Extract.read_db_via_url reads a SQL database e.g. MySQL or PostgreSQL via a database URI. This is easier and cleaner to use as compared to Extract.read_db_via_params which only reads a PostgreSQL database and entering those database values seems quite cumbersome for the user, but it is still included for users who might prefer this to using URIs.

i. Extract.read_db_via_url parameters:

  • url datatype, str. The database URI, required parameter
  • table_name datatype, str. The table name, required parameter
  • columns datatype, list. A list of columns from the table
  • parse_dates datatype, list or dict. This parameter tells our function which columns to parse as datetime objects.

ii. Extract.read_db_via_params parameters:

  • database datatype str. The database name
  • query datatype str. The SQL query to be executed when running the method. Example: 'SELECT * FROM employees'
  • user datatype str. The user's username
  • password datatype str. The user's password
  • host datatype str. The database's host, default localhost
  • port datatype str. The database's port number, default 5432

Installation

Install the package from TestPyPI:

pip install eazyetl

Features

  • 📦 Extract from CSV, JSON, APIs, and PostgreSQL

  • 🧹 Transform using common operations like dropna, replace, explode, to_datetime, and rename

  • 📂 Load into CSV, JSON, Excel, PostgreSQL databases

  • ☁️ Modular, static-method design (no complex setup required)

  • 🐍 Designed with Pandas and SQLAlchemy for powerful data handling

Usage

a. Import the eazyetl library

from eazyetl import Extract, Transform, Load

b. Extract data from various sources using the Extract() methods

NOTE: The Extract.read_db() will include a database URL parameter to connect to databases more seamlessly rather than entering credentials which is more tiring. This will be available in version 0.2.0

NOTE: Version 0.2.0 will also contain a Extract.read_bucket() method which will enable users to read data from Amazon Web Services (AWS) Simple Storage Services (S3) buckets.

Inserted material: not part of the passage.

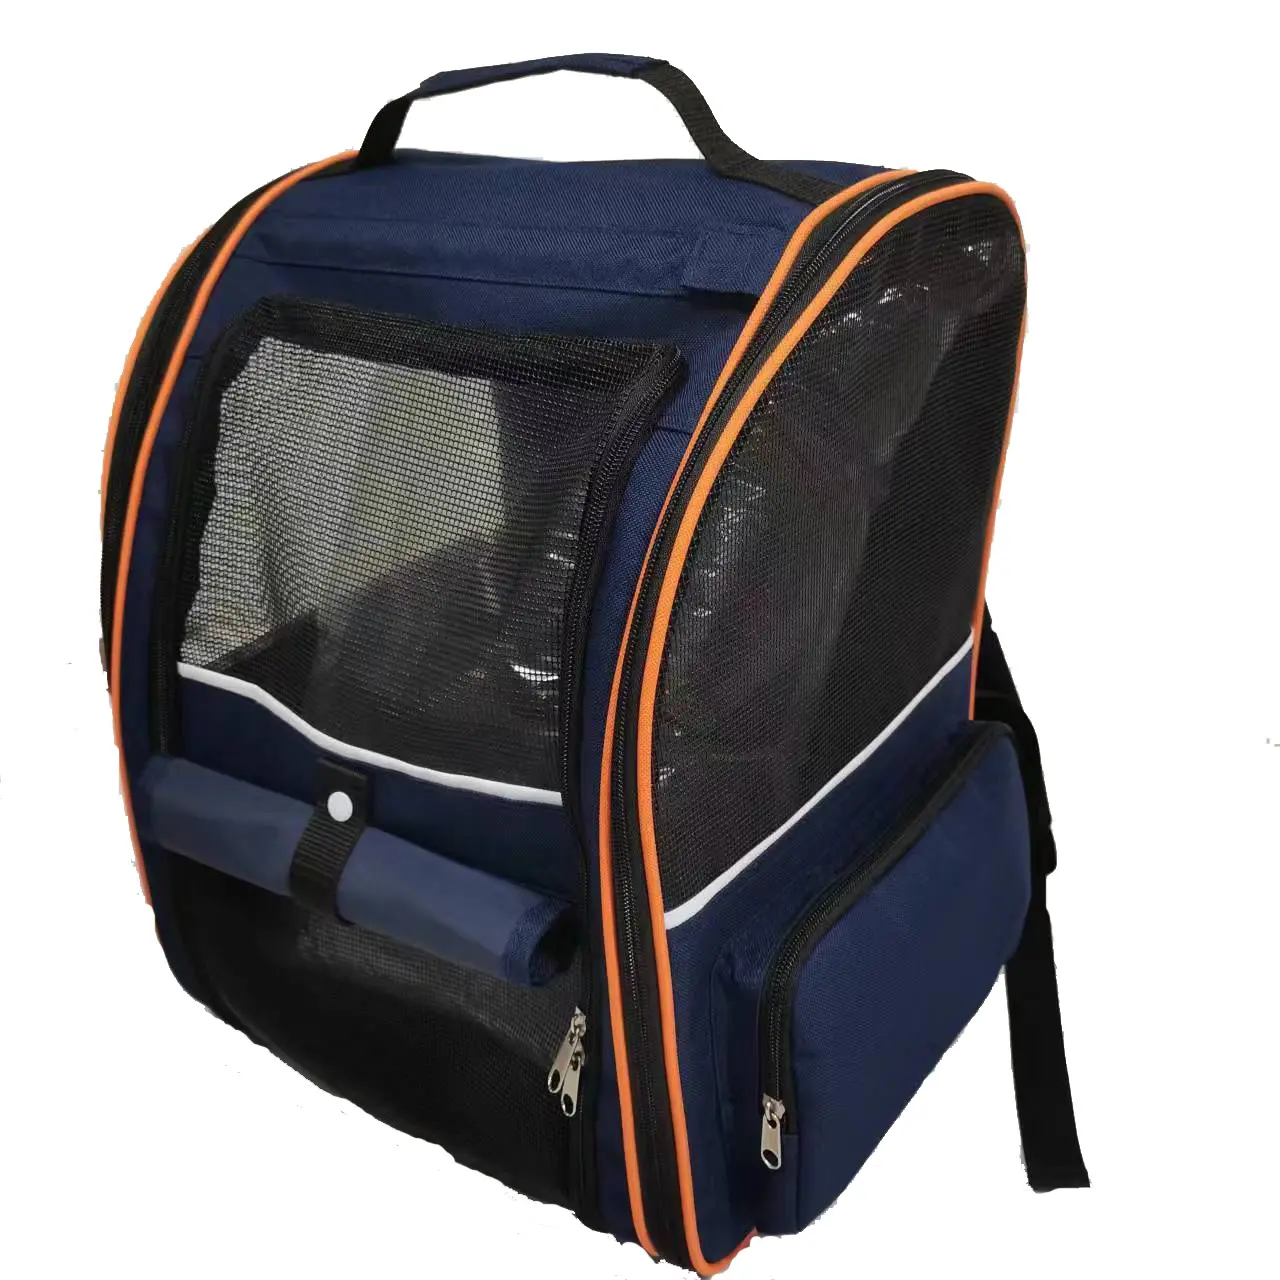 Polyester pet katlanabilir kedi taşıyıcı çanta köpek kedi evcil hayvan taşıyıcı sırt çantası evcil hayvan taşıyıcı s & seyahat ürünleri kedi taşıma seyahat çantası

df = Extract.read_csv("data/data.csv")
api_data = Extract.read_api(url= 'https://fantasypremierleague.com/users/data') # not a real URL
db_data = Extract.read_db(database='employees', user='postgres', password='postgressuperuser', host='localhost', port='5432')

c. Transform data

df = Transform.drop_na(df, columns=["name", "price"])
df = Transform.to_datetime(df, "release_date")
df = Transform.rename(df, columns={"old_name": "new_name"})

d. Load data

Load.load_csv(df, "cleaned_data.csv", overwrite=True)
Load.load_to_excel(df, 'weather_data.xlsx', overwrite=False)
Load.load_to_db(df, name="salaries", url="postgresql://user:pass@localhost:5432/mydb")

Documentation

1. Extract

Method Description
read_csv(filepath) Load data from CSV
read_json(filepath) Load data from JSON
read_api(url) Load JSON data from an API
read_db_via_params(query, user, password, host, port, database) Load data from PostgreSQL database
read_db_via_url(url, table_name, columns=None, parse_dates=None) Load data from database URI

2. Transform

Method Description
drop_na(data, columns=None, drop='index', inplace=False, how='any') Drop missing values
replace(data, item_a, item_b, inplace=False) Replace values
explode(data, columns) Explode rows containing lists
changetype(data, dtype) Change column or Series data type
to_datetime(data, column) Convert column to datetime format
rename(data, columns=None, index=None, inplace=False) Rename columns or index

3. Load

Method Description
load_csv(data, filepath, overwrite=False) Save data to CSV
load_json(data, filepath, overwrite=False) Save data to JSON
load_to_excel(data, filepath, overwrite=False) Save data to Excel (requires openpyxl)
load_to_db(data, name, url) Save data to PostgreSQL table

Requirements.

These will be automatically installed by running the pip install eazyetl command.

  • Python 3.7+

  • pandas

  • requests

  • sqlalchemy

  • psycopg2-binary

  • openpyxl (for Excel file export)

Author

Name: Denzel 'deecodes' Kinyua

Data Engineer

GitHub: https://github.com/dkkinyua

Portfolio: https://denzel-kinyua.vercel.app

Email: denzelkinyua11@gmail.com

License

This project is licensed under the MIT License.

Contributions

Pull requests are welcome! If you'd like to suggest a feature or report a bug, open an issue on GitHub.

Project details


Download files

Download the file for your platform. If you're not sure which to choose, learn more about installing packages.

Source Distribution

eazyetl-0.1.6.tar.gz (7.5 kB view details)

Uploaded Source

Built Distribution

If you're not sure about the file name format, learn more about wheel file names.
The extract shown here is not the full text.